→ **Data shown**
==========

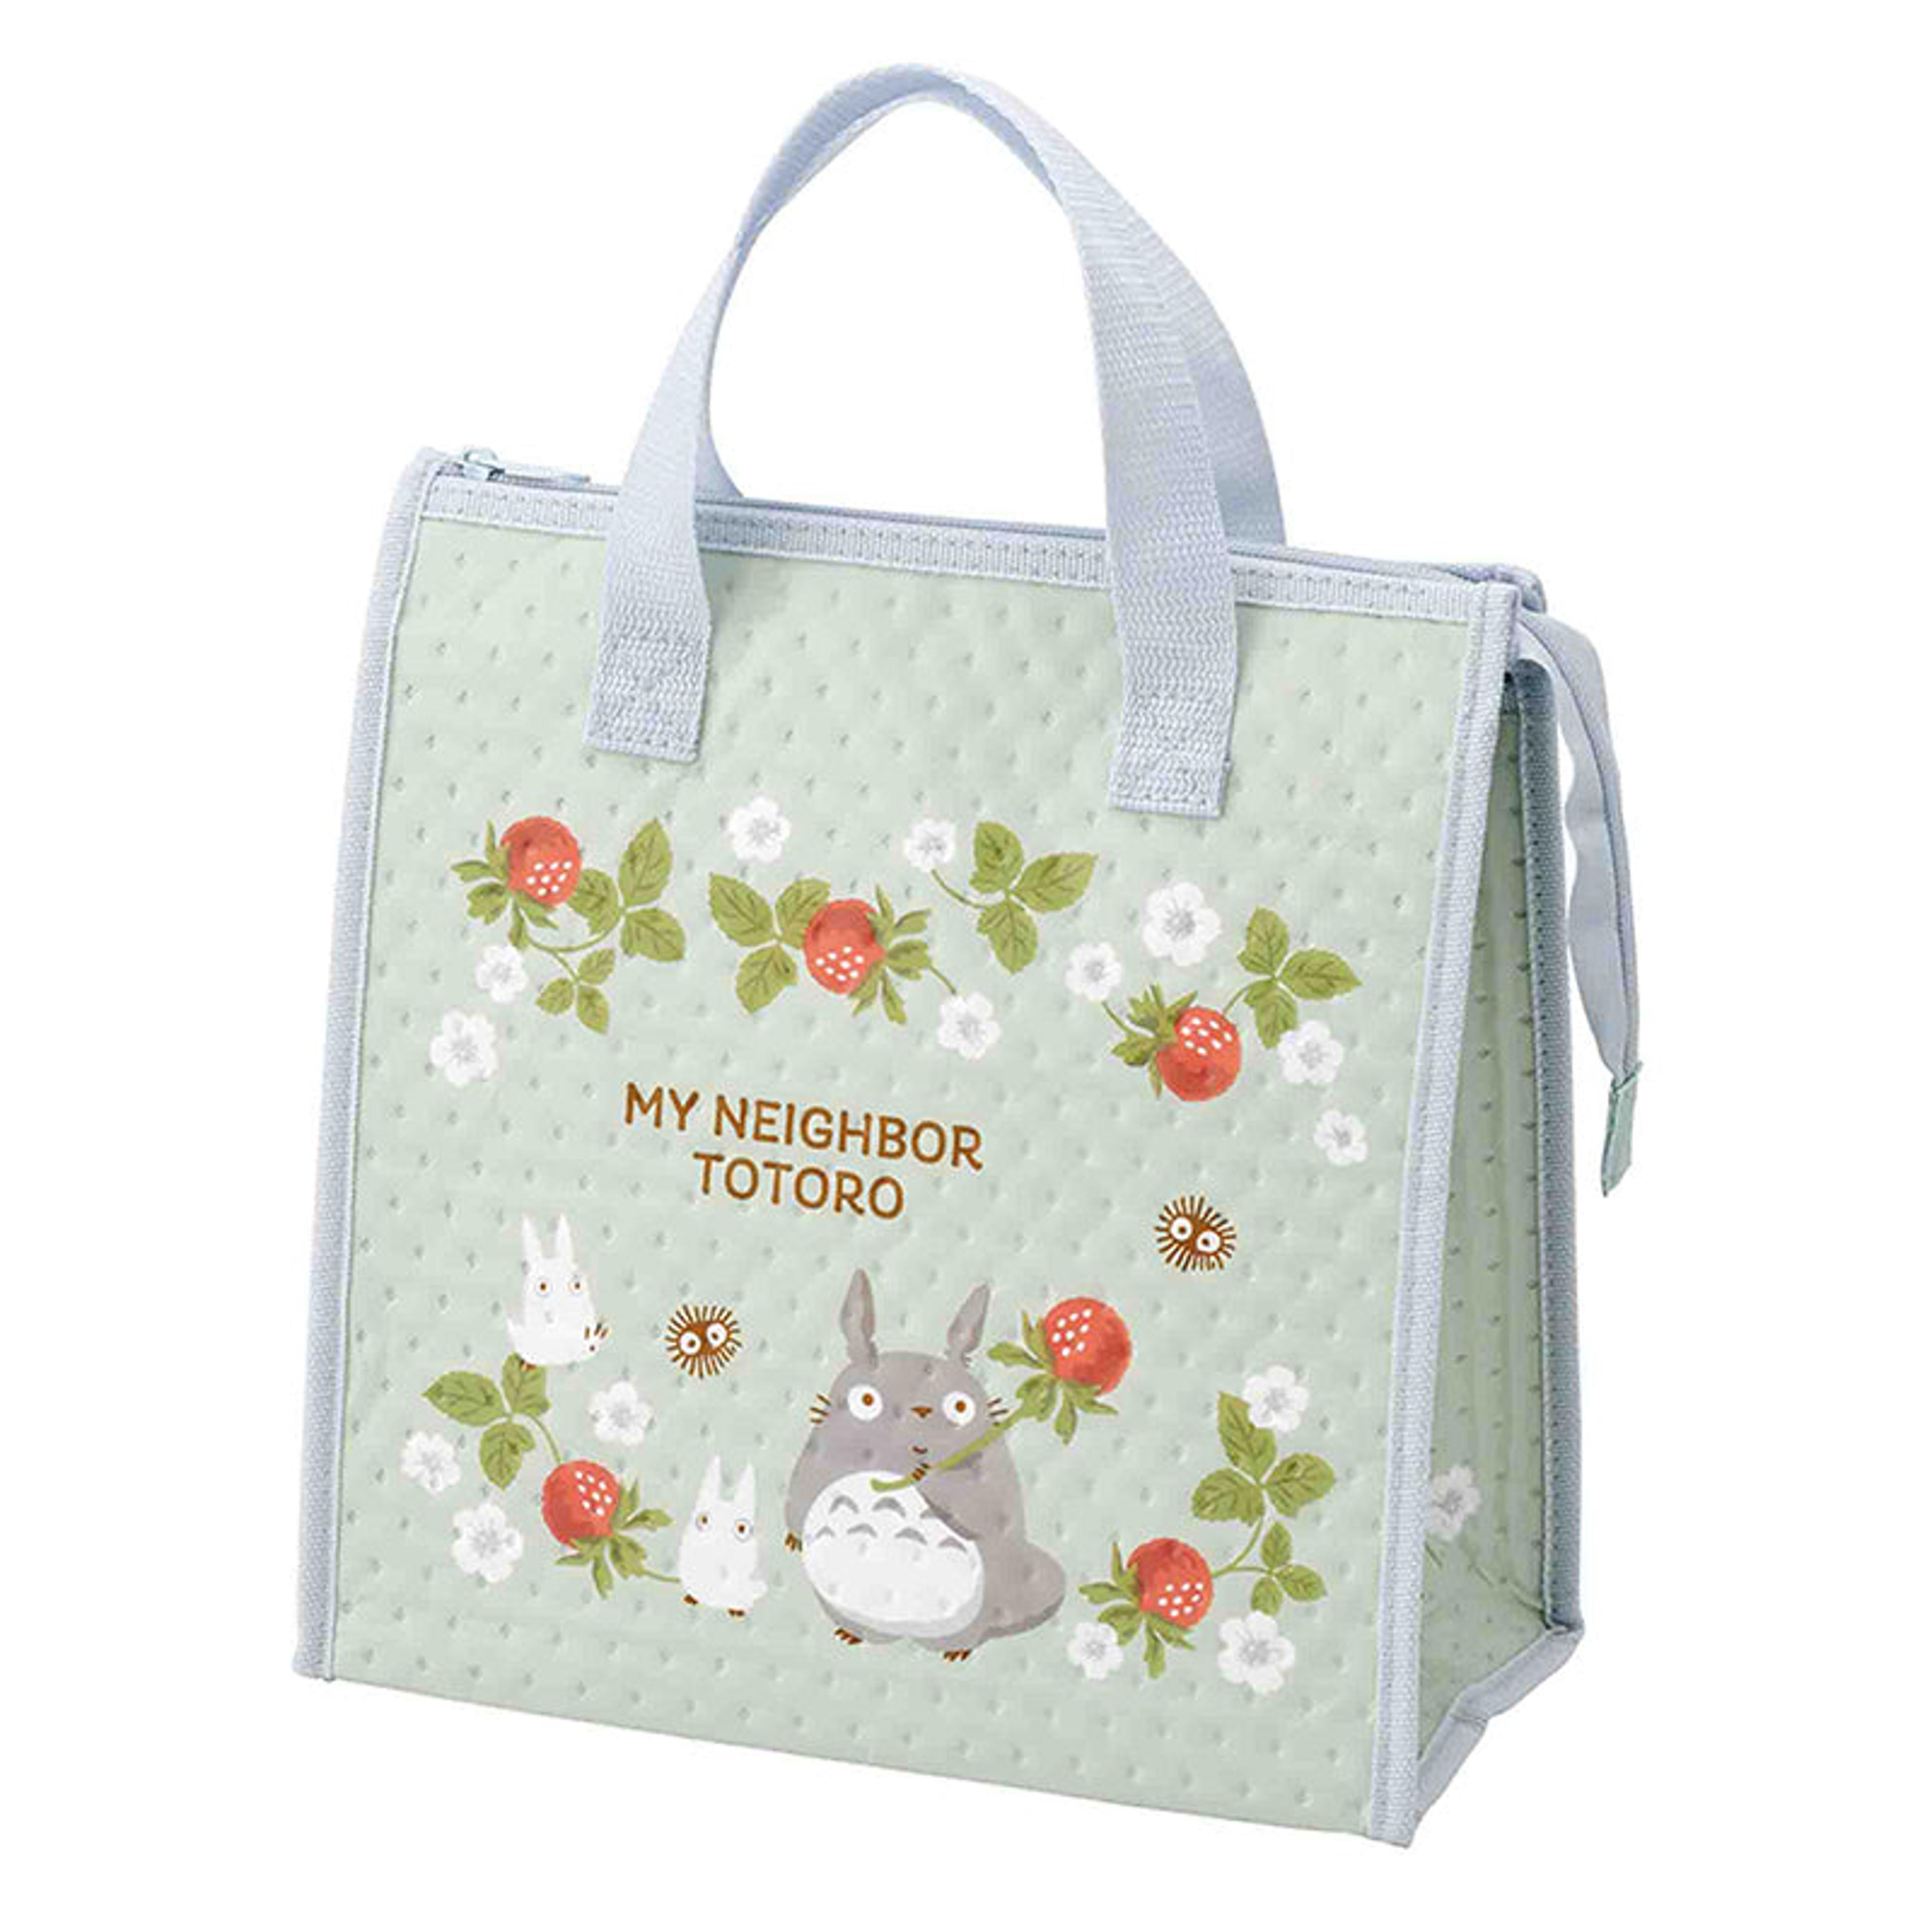 My Neighbor Totoro with Raspberries Insulated Lunch Bag
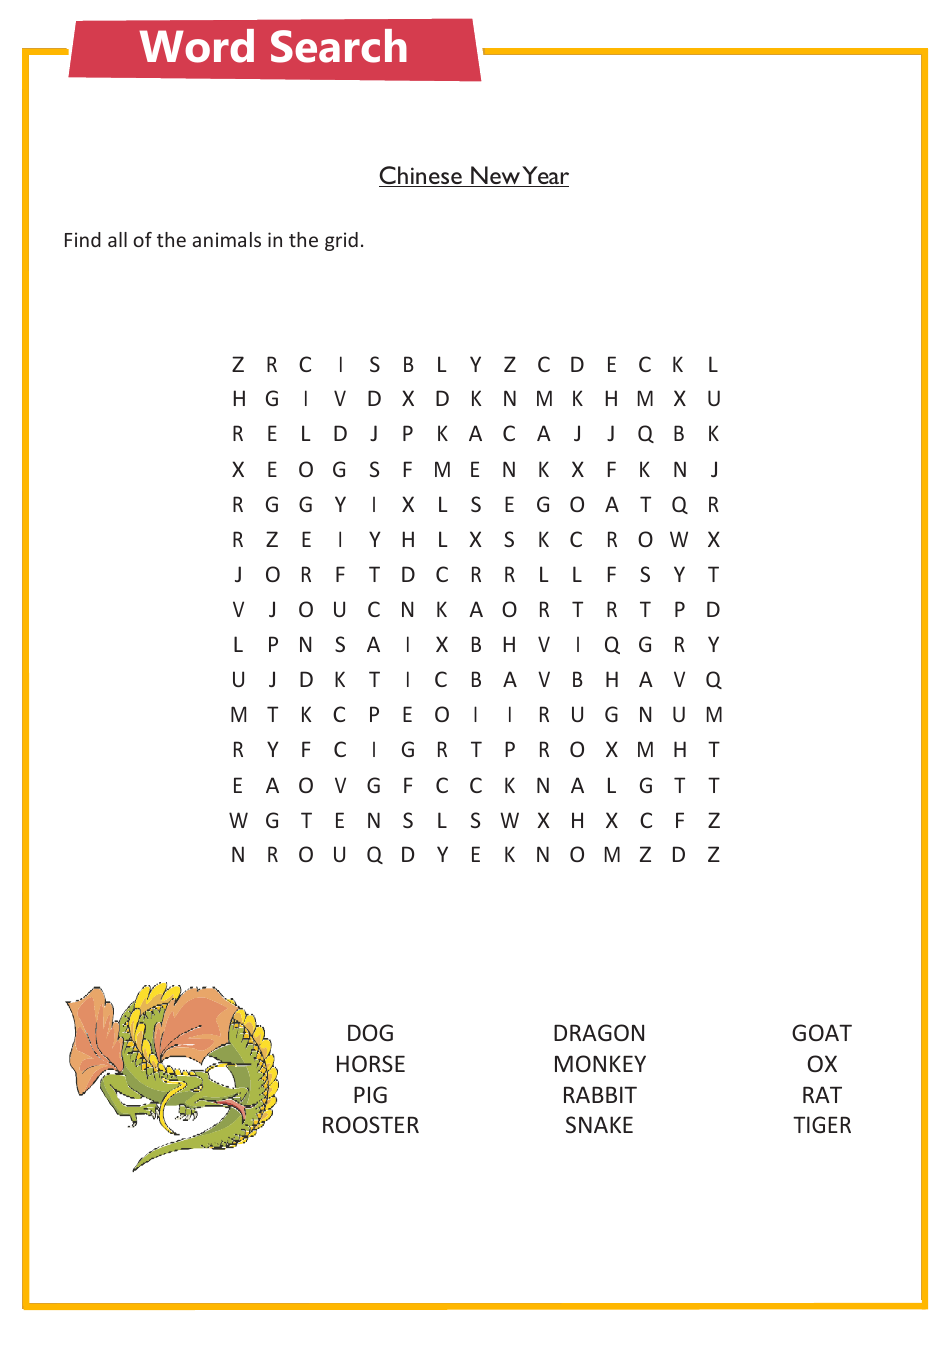 Chinese New Year word search puzzle. Find hidden Chinese New Year related words in this entertaining activity.
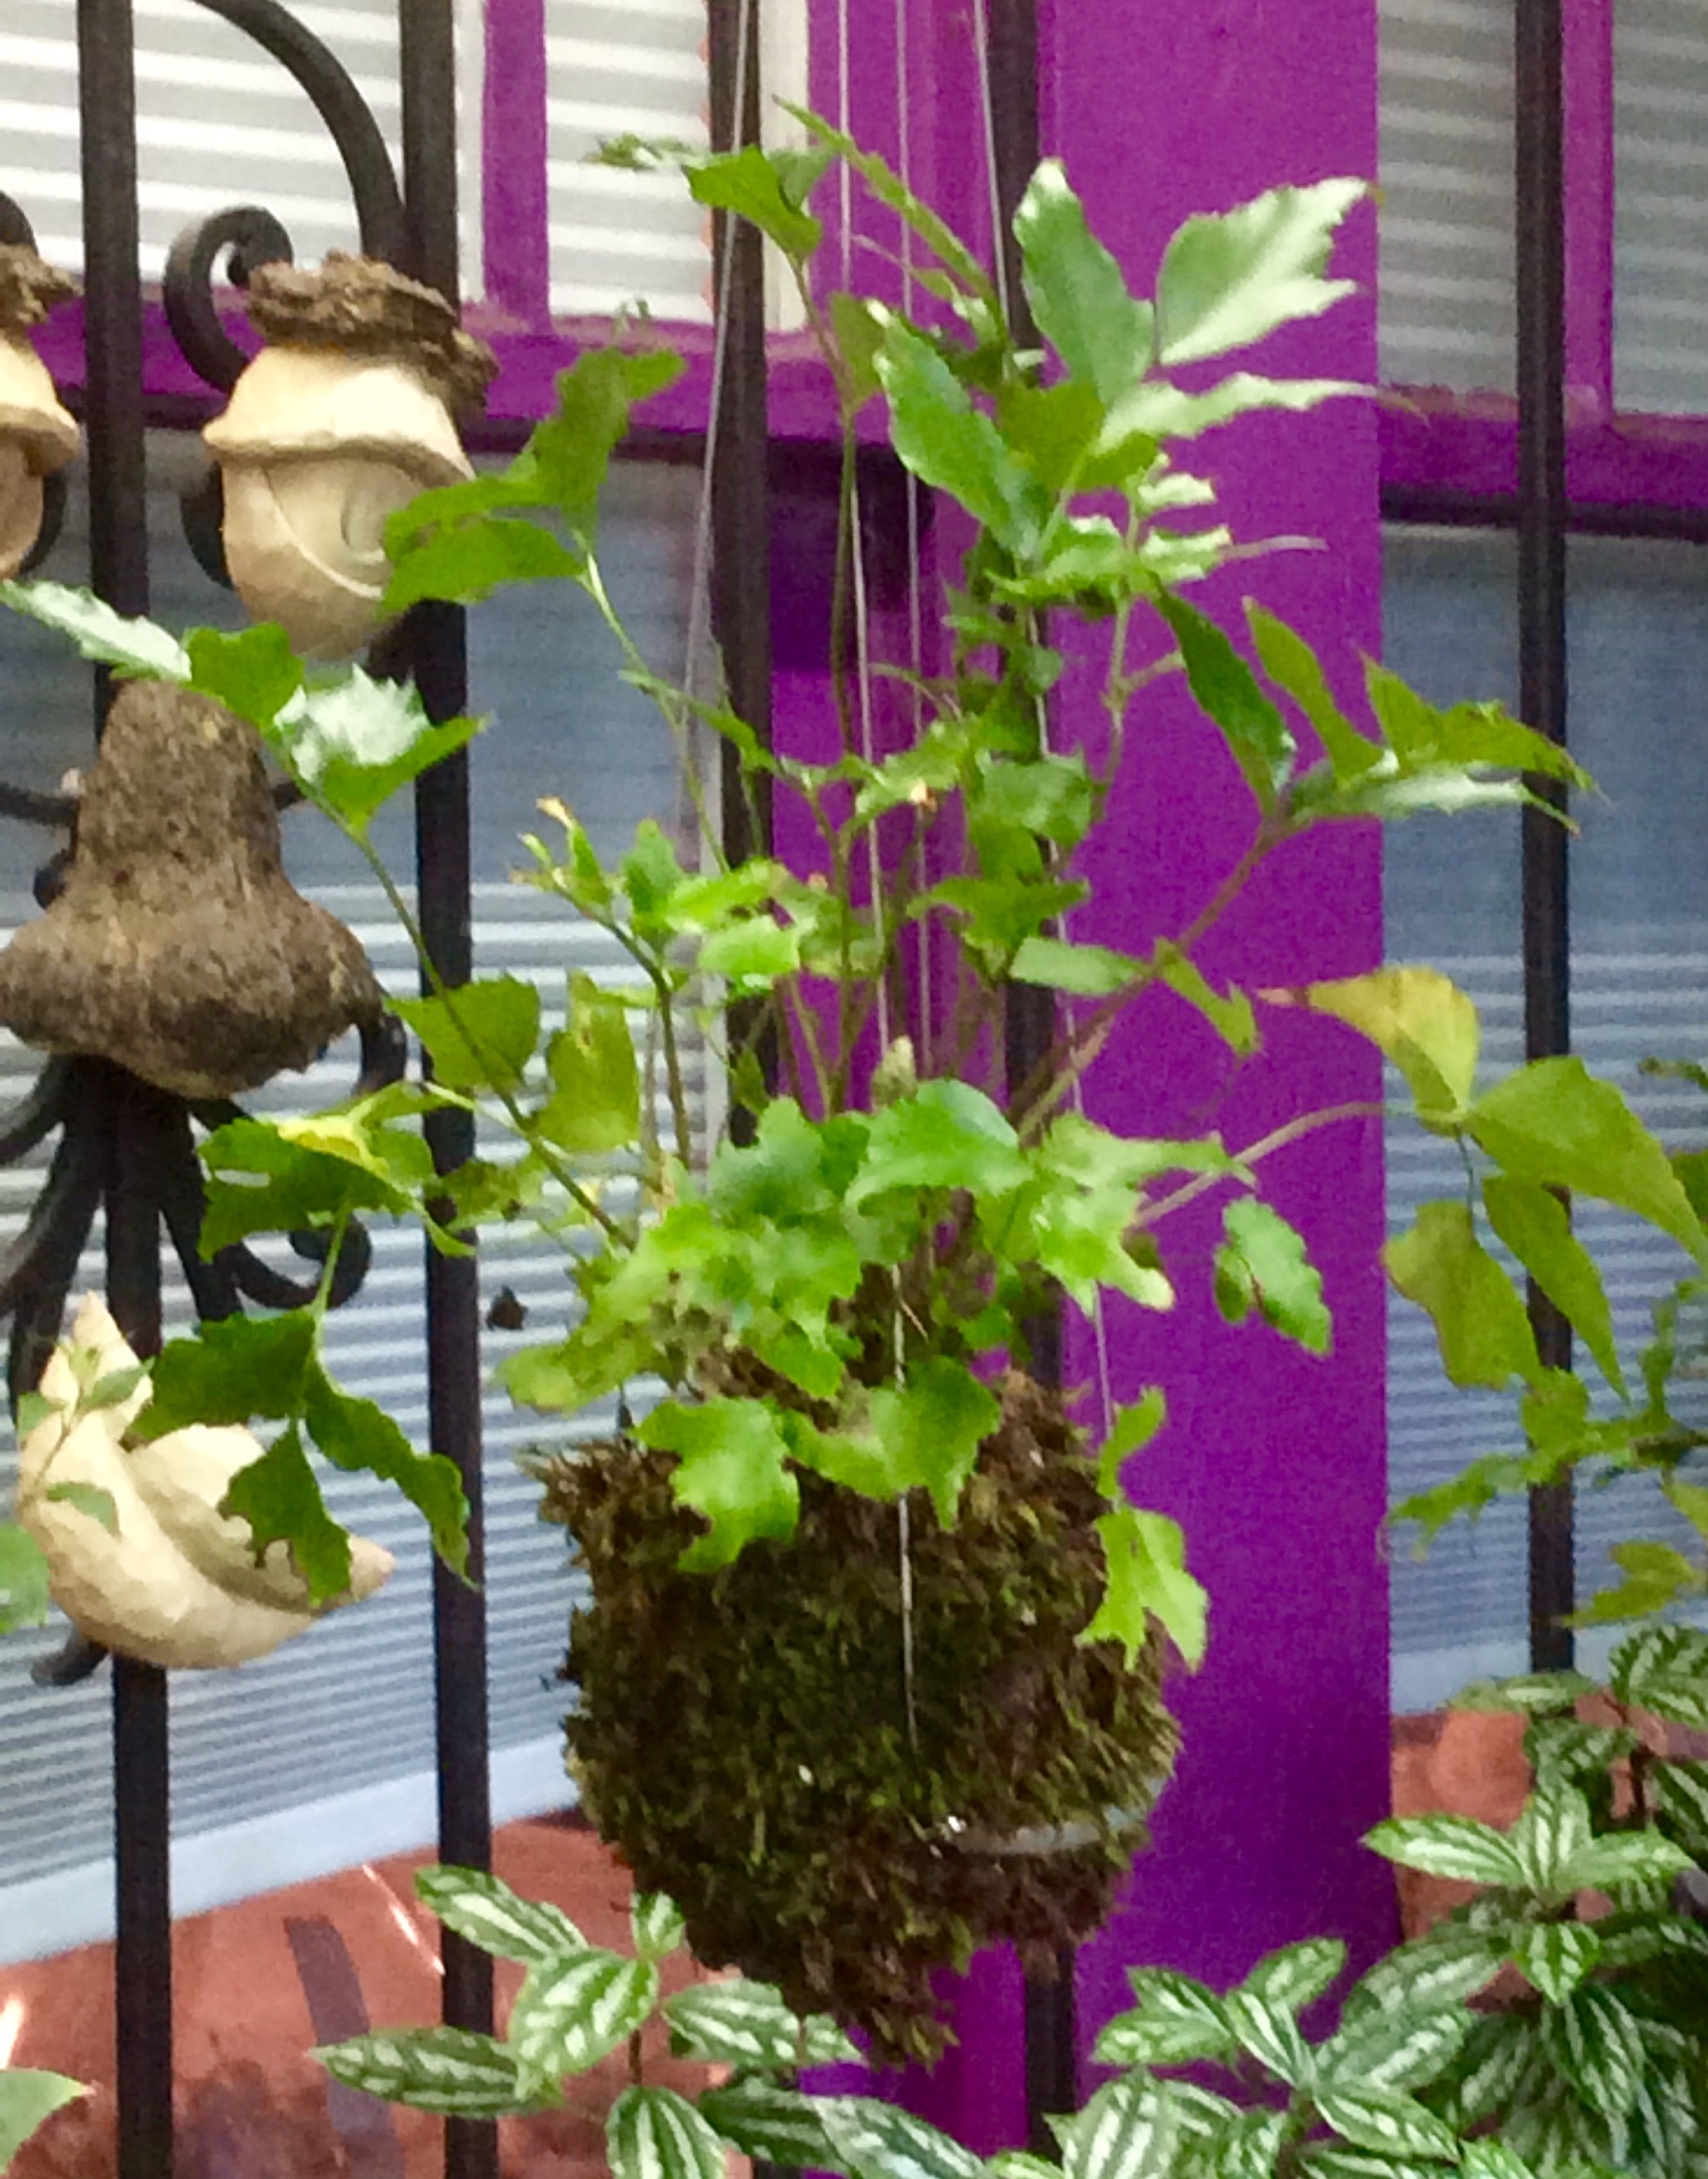 Ferns are traditionally used in kokedama.  This holly fern is a beauty, don't you think?
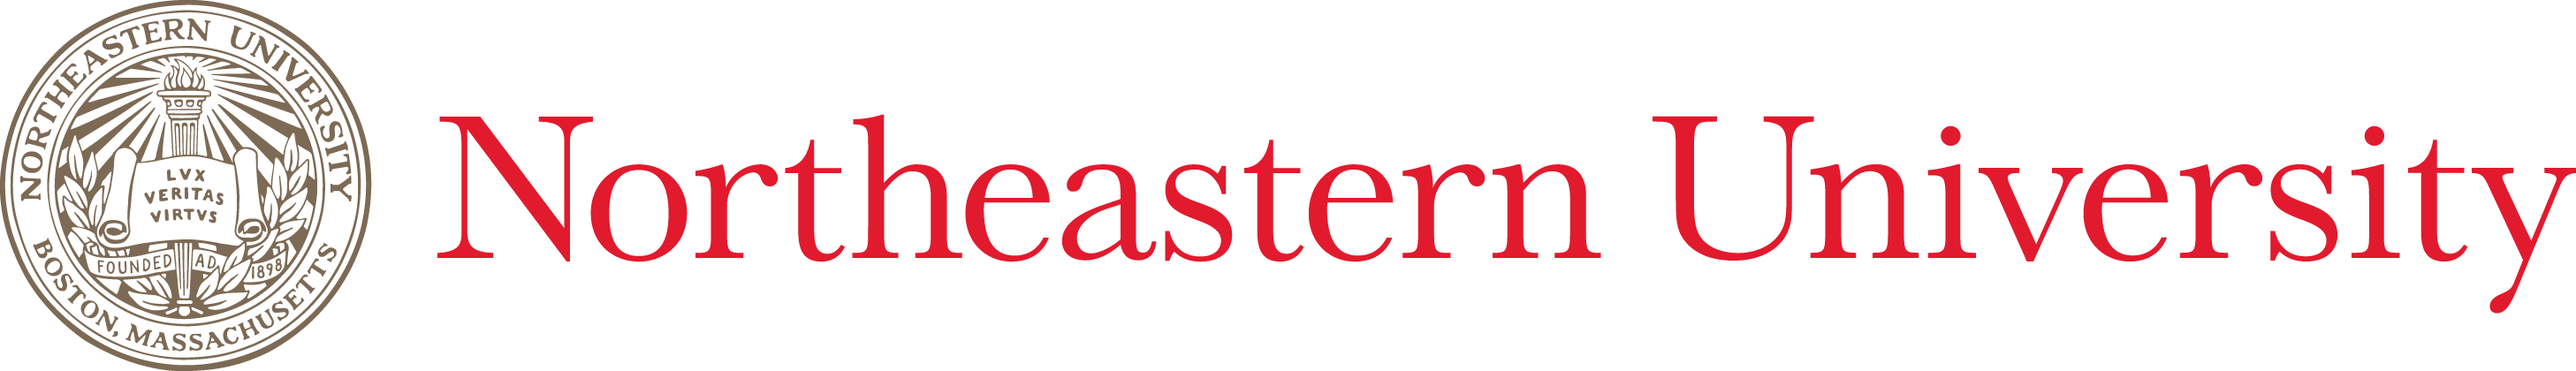 Master Of Business Administration - Northeastern University (2915x420)

==========

→ **What you need to do**
With the images removed, reproduce all the material above word for word.

→ **Written reply**
 My Neighbor Totoro with Raspberries Insulated Lunch Bag
 Chinese New Year word search puzzle. Find hidden Chinese New Year related words in this entertaining activity.
 Ferns are traditionally used in kokedama.  This holly fern is a beauty, don't you think?
 Master Of Business Administration - Northeastern University (2915x420)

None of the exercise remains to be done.